» INSTRUCTIONS FOR THE TASK
Please set down exactly the lines of the listing below from the line containing "Puzzle Globe. Exterior Wall, Stucco. 7' x 7'" through the line containing "Jock, one of", both lines included, leaving out all other lines.

(SOURCE DATA Opens)

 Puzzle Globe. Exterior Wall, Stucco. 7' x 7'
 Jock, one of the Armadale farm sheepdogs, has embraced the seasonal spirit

(SOURCE DATA Closes)
(SOURCE DATA Opens)

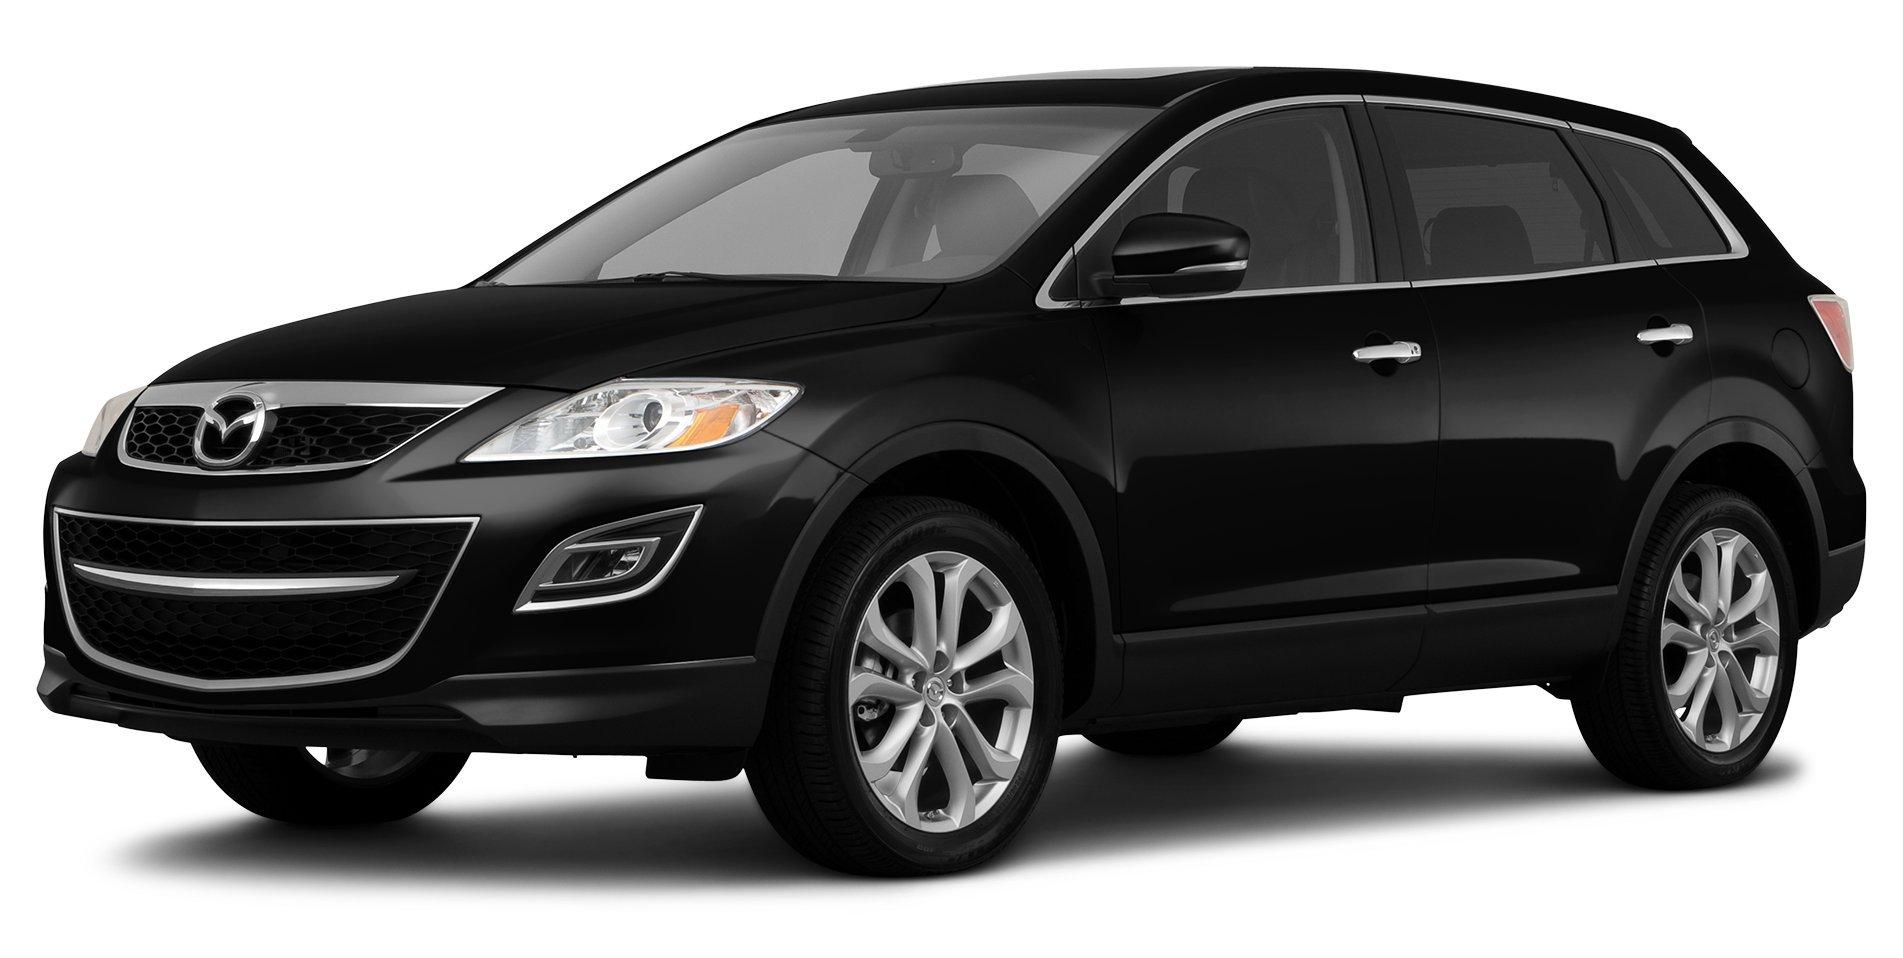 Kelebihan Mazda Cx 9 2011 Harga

(SOURCE DATA Closes)
(SOURCE DATA Opens)

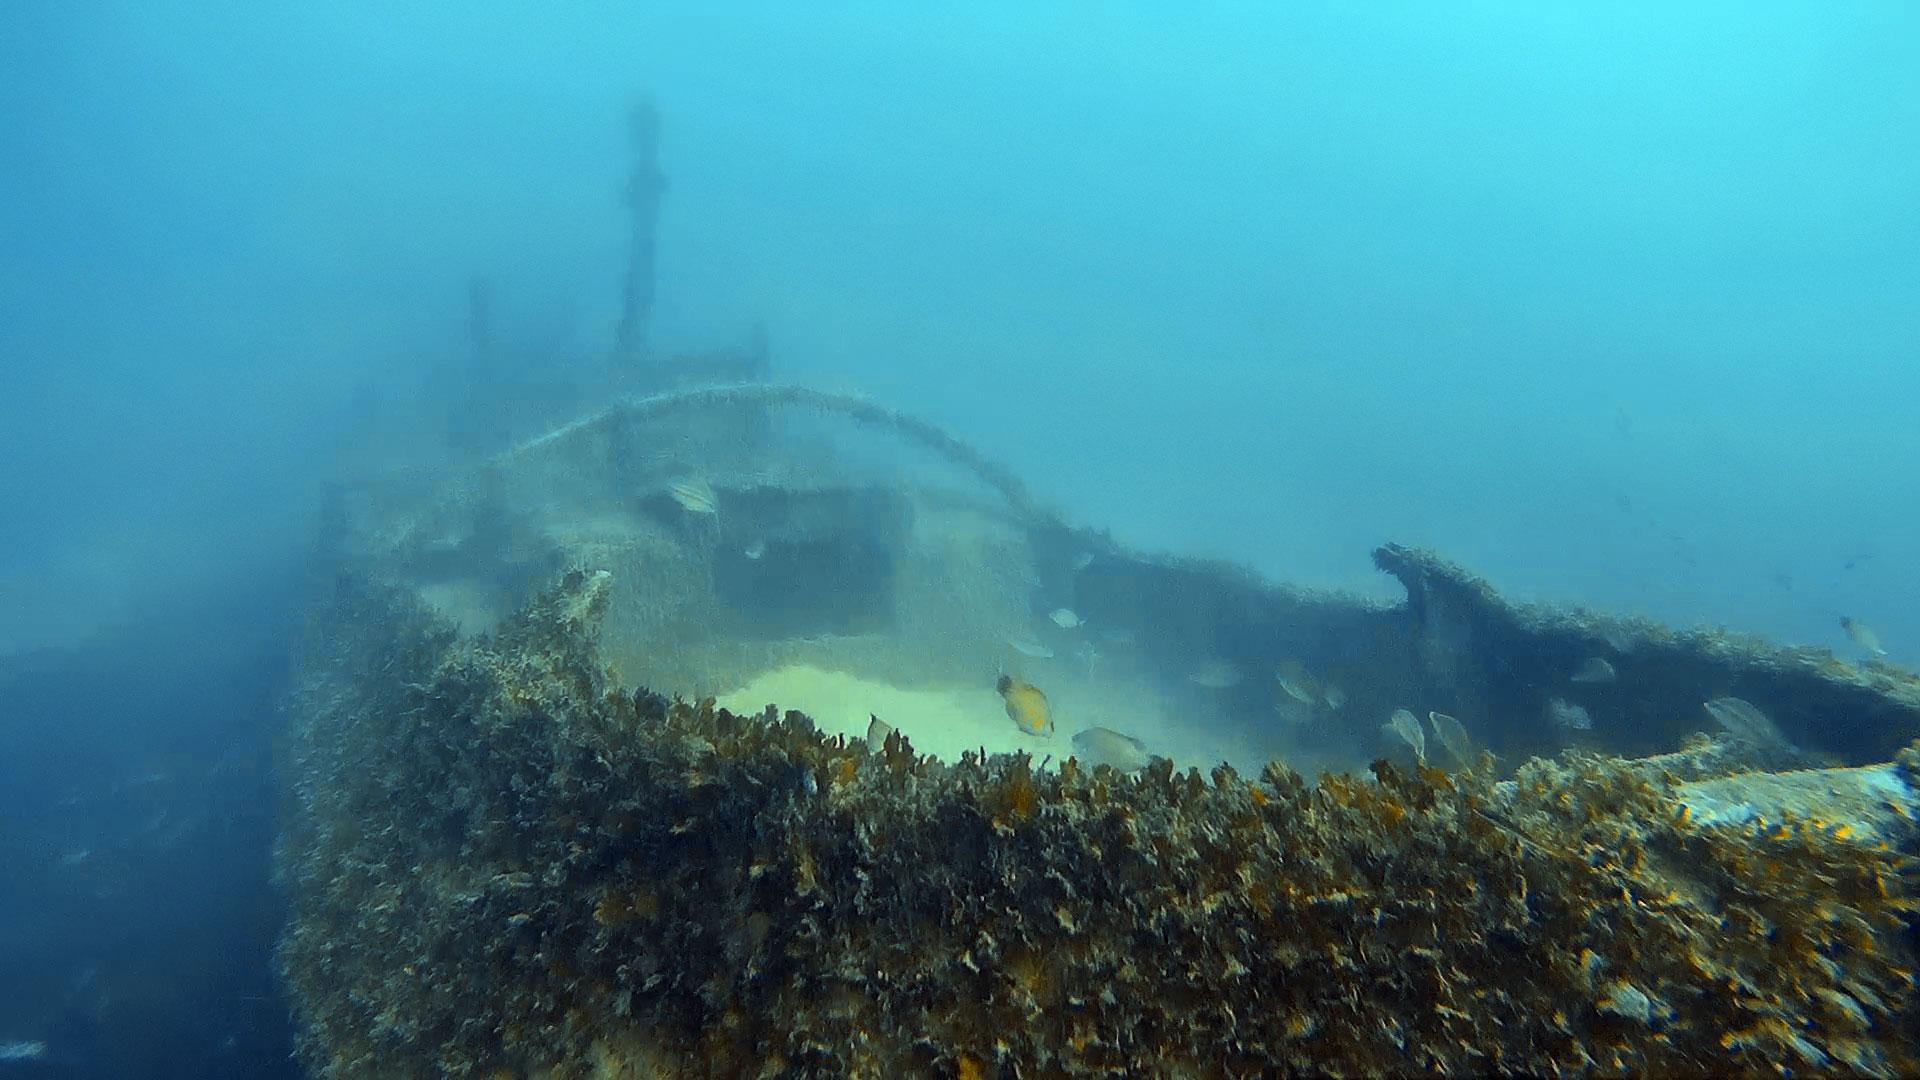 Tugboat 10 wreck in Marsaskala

(SOURCE DATA Closes)

» FINAL ANSWER
 Puzzle Globe. Exterior Wall, Stucco. 7' x 7'
 Jock, one of the Armadale farm sheepdogs, has embraced the seasonal spirit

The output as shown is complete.